That’s DX11 testing while DX12 and Vulkan are replacing DX 11, and the benchmarks will be different. AMD’s GPU SKUs Have more compute, but that does not mean that “something unexpected was bottlenecking Fury X”, maybe current DX11 games are not using as much compute, DX12/Vulkan as well as VR games will make use of that compute in AMD’s Fury/Fury X SKUs.
AMD’s GCN GPUs will all need to be retested on DX12/Vulkan based games, to see the results of that extra compute for gaming. AMD has redisigned for Polaris so still until the gaming software stack begins using the newest Graphics APIs benchmarking on older graphics APIs may not show as much improvment.
“upcoming benchmarks will be interesting.” not as interesting on the older Graphics APIs they will need to be done on the newer APIs.
Spraking of Benchmarks!
“AMD accuses Intel of VW-like results fudging”
“Revives ancient SYSmark dispute”
http://www.theregister.co.uk/2016/01/19/amd_accuses_intel_of_vwlike_results_fudging/
To shed some light on that
To shed some light on that that “HBM memory controller needs less complexity than GDDR5”, let me suggest that there are three main issues to be addressed with when communicating to memory.
First, you have to speak the protocol–this means keeping track of open pages, sending commands in the right order, etc. For that, I have to think that HBM is a little more complex than GDDR5, but this is pure logic and can be made very dense.
Secondly, you have to sequence signals going to the chip. This is generally so easy as it’s just a few state machines.

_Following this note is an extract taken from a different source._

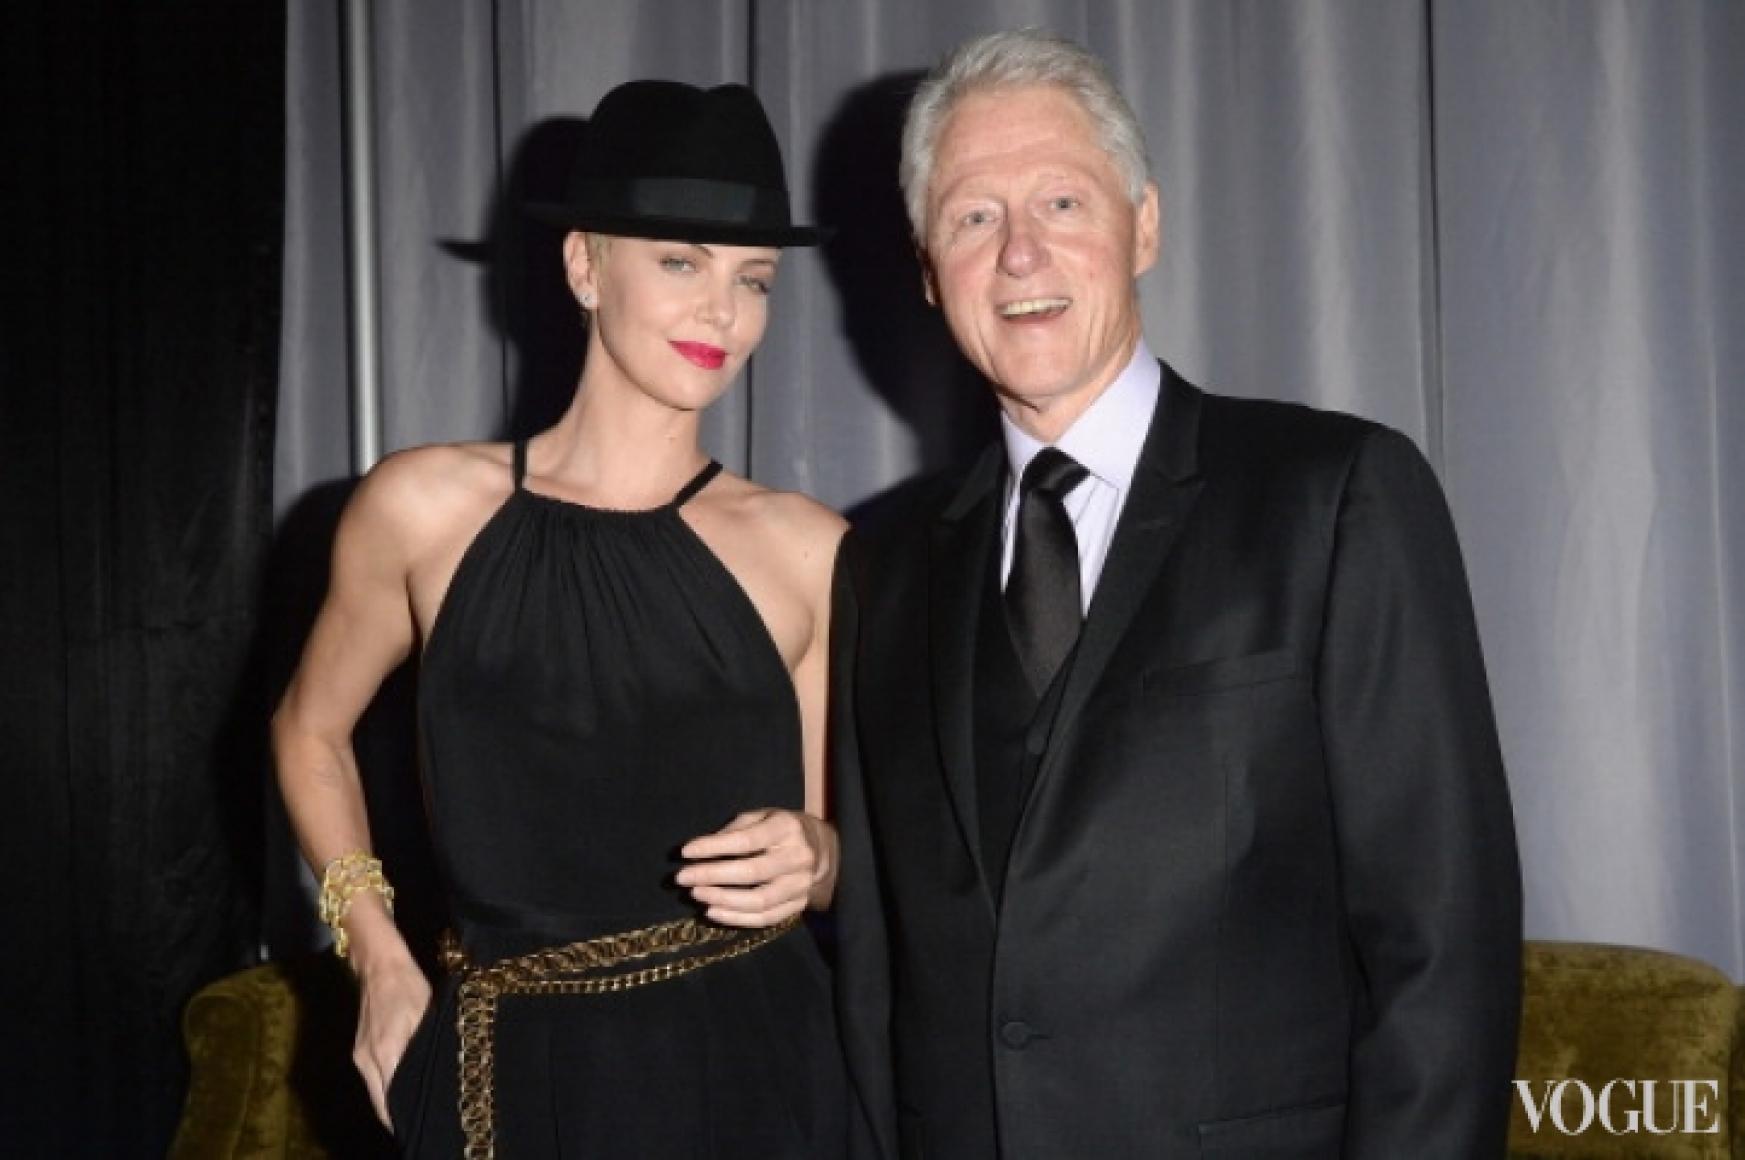 Шарлиз Терон и Билл Клинтон

Finally, there is getting those logical signals from one chip to the other. When those signals have to go through a chip package, wander around a PCB made by the lowest bidder, and into a chip and back onto a die, things get complex. The driver hardware on both sides has to compensate for all kinds of irregularities and problems in that path. Then look at what HMB gets to do. It’s pretty much one big die and there’s a chip on the other end what will control the chips attached to it. That’s *vastly* simpler. That’s where I’m guessing HBM wins out over GDDR5. Oh, this last step is also where most of the power is used.
Nice! Thanks for the
Nice! Thanks for the insights.
The HBM protocol is actually
The HBM protocol is actually less complex than GDDR5. GDDR5 has to operate at a very very high clock rate and send two bits on the rising and falling edge of each clock. It does this by using four different voltages to encode the two bits. This of this as very similar to how a MLC SSD works. HBM has enough pins that each pin can be low speed and only one bit needs to be sent per clock, more like an SLC SSD.
The biggest advantage of why HBM wins is because you don’t need to allocate power budget to big memory controllers that operate at 1.75 Ghz and send four bits per clock (1.75 x 4 = 7 Ghz effective). Instead, HBM can use a bunch of plain old DDR memory controllers at 500 Mhz. Since power consumption is not linear at all with clock speed, using a very wide HBM interface is much more efficient than a narrow but fast GDDR5 controller of the same bandwidth.
I’m not sure how seriously to
I’m not sure how seriously to take your reply considering you don’t understand how quadrature clocking works.
For those following along, no, GDDR5 does not use ‘four voltage levels to send two bits’. It sends *one* bit on each rising and falling edge of *two* different clocks that are 90 degrees out of phase:
Clock0:01100110011001100110011
Clock1:00110011001100110011001
Bit :00000000001111111111222
:01234567890123456789012
At each interval, one of the clock signals is either rising or falling. This is what drives the logic.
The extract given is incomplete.